You can find out more about Pavlo Tertychnyi’s PhD thesis here

Money laundering represents a substantial risk to global financial systems, allowing criminals to conceal the illegitimate origins of funds and integrate them into the lawful economy. Its repercussions extend beyond financial ramifications, encompassing the destabilization of financial systems, threats to national security, and the erosion of public trust in financial institutions. Governments and law enforcement agencies worldwide are actively engaged in identifying money laundering activities, prompting financial institutions to employ various monitoring mechanisms to identify and report potential instances of money laundering. While these systems typically adhere to simple rules, they face limitations in recognizing intricate and novel money laundering schemes. The incorporation of machine learning algorithms, which leverage labeled historical data for decision-making, can significantly enhance the efficacy of existing systems in detecting money laundering.
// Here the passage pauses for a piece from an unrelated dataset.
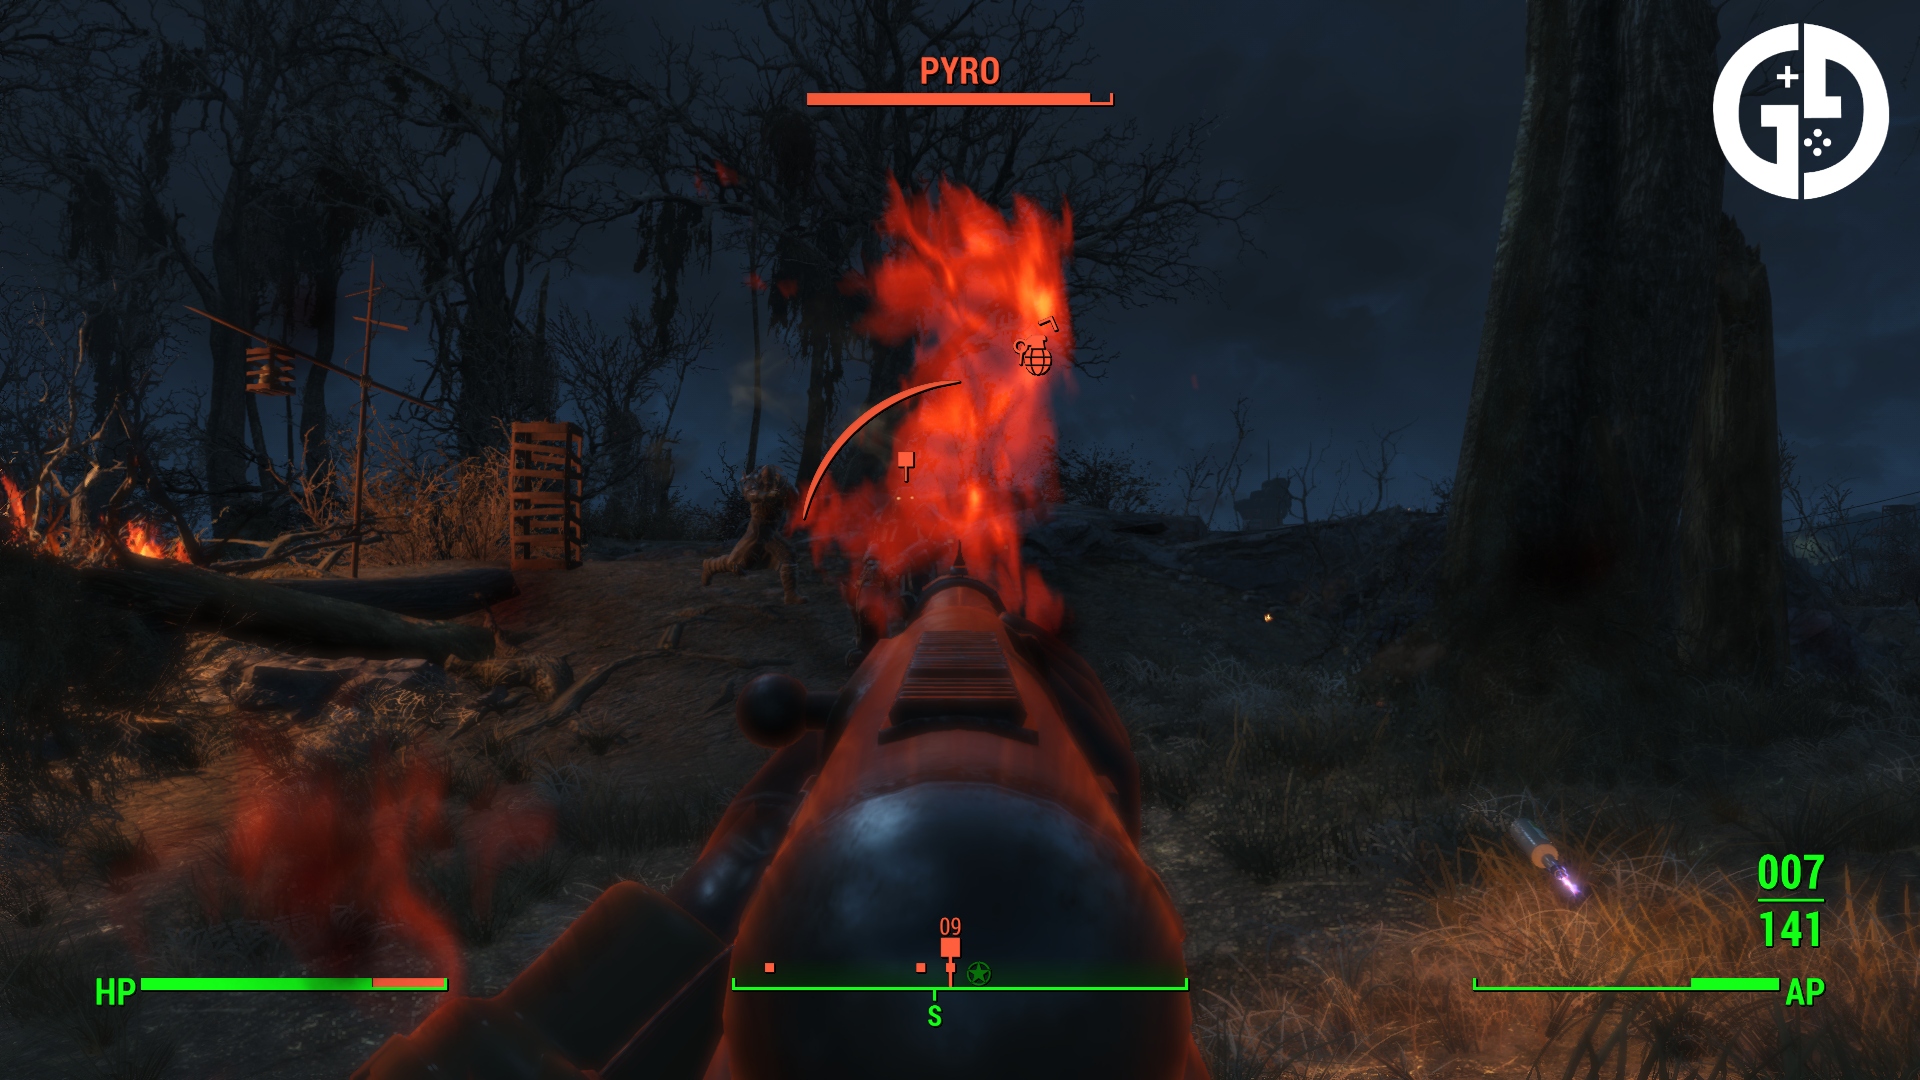 Как получить силовую броню «Адское пламя» Fallout 4 по квесту «Пироман»

This thesis aims to create a solution that combines different frameworks for the automatic detection of money laundering using machine learning. However, there are many challenges in developing such a solution. The sheer volume of digital payments has reached staggering proportions, necessitating the sifting through of an immense amount of data for effective money laundering detection. Furthermore, the diversity of financial products used for transactions adds another layer of complexity. Wire payments, card payments, international payments, crypto payments, and cash, among others, create an array of potential tools for money launderers. This diversity implies that machine learning models designed for money laundering detection must contend with vast feature sets, as actors may exploit multiple products for laundering. The rarity of money laundering incidents poses a significant challenge for machine learning techniques used in anti-money laundering efforts. With only a tiny fraction of transactions suspected to be related to money laundering, the data imbalance is substantial, making it difficult to train accurate and reliable machine learning models. Moreover, money launderers deliberately obscure their activities, employing sophisticated methods to mask illicit funds among legitimate ones. This intentional obfuscation contributes to the complexity of money laundering detection, requiring advanced machine learning models capable of identifying hidden patterns. Money launderers continually adapt, searching for vulnerabilities in financial security and devising new schemes. To address this, machine learning models employed for automated money laundering detection must undergo regular updates. This involves the creation of new features to describe emerging money laundering schemes, the introduction of new patterns labeled by domain experts into model training, and frequent retraining of models to stay on par with evolving tactics in the world of money laundering.

The thesis contributes significantly to this research field in four key ways: (i) introducing a framework for individual customer-level money laundering detection, (ii) presenting a framework for group-level money laundering detection, (iii) establishing a system that determines when to raise alerts for detected money laundering behaviour in such a way that raised alerts are timely and non-redundant, and (iv) developing a system that enhances raised alerts with textual explanations. Together, these contributions constitute a comprehensive solution for automated money laundering detection that addresses crucial business requirements. The solution underwent testing on real-life data, incorporating customer profiles, transaction histories, and input from anti-money laundering experts. The results were evaluated through computational experiments and feedback from domain experts.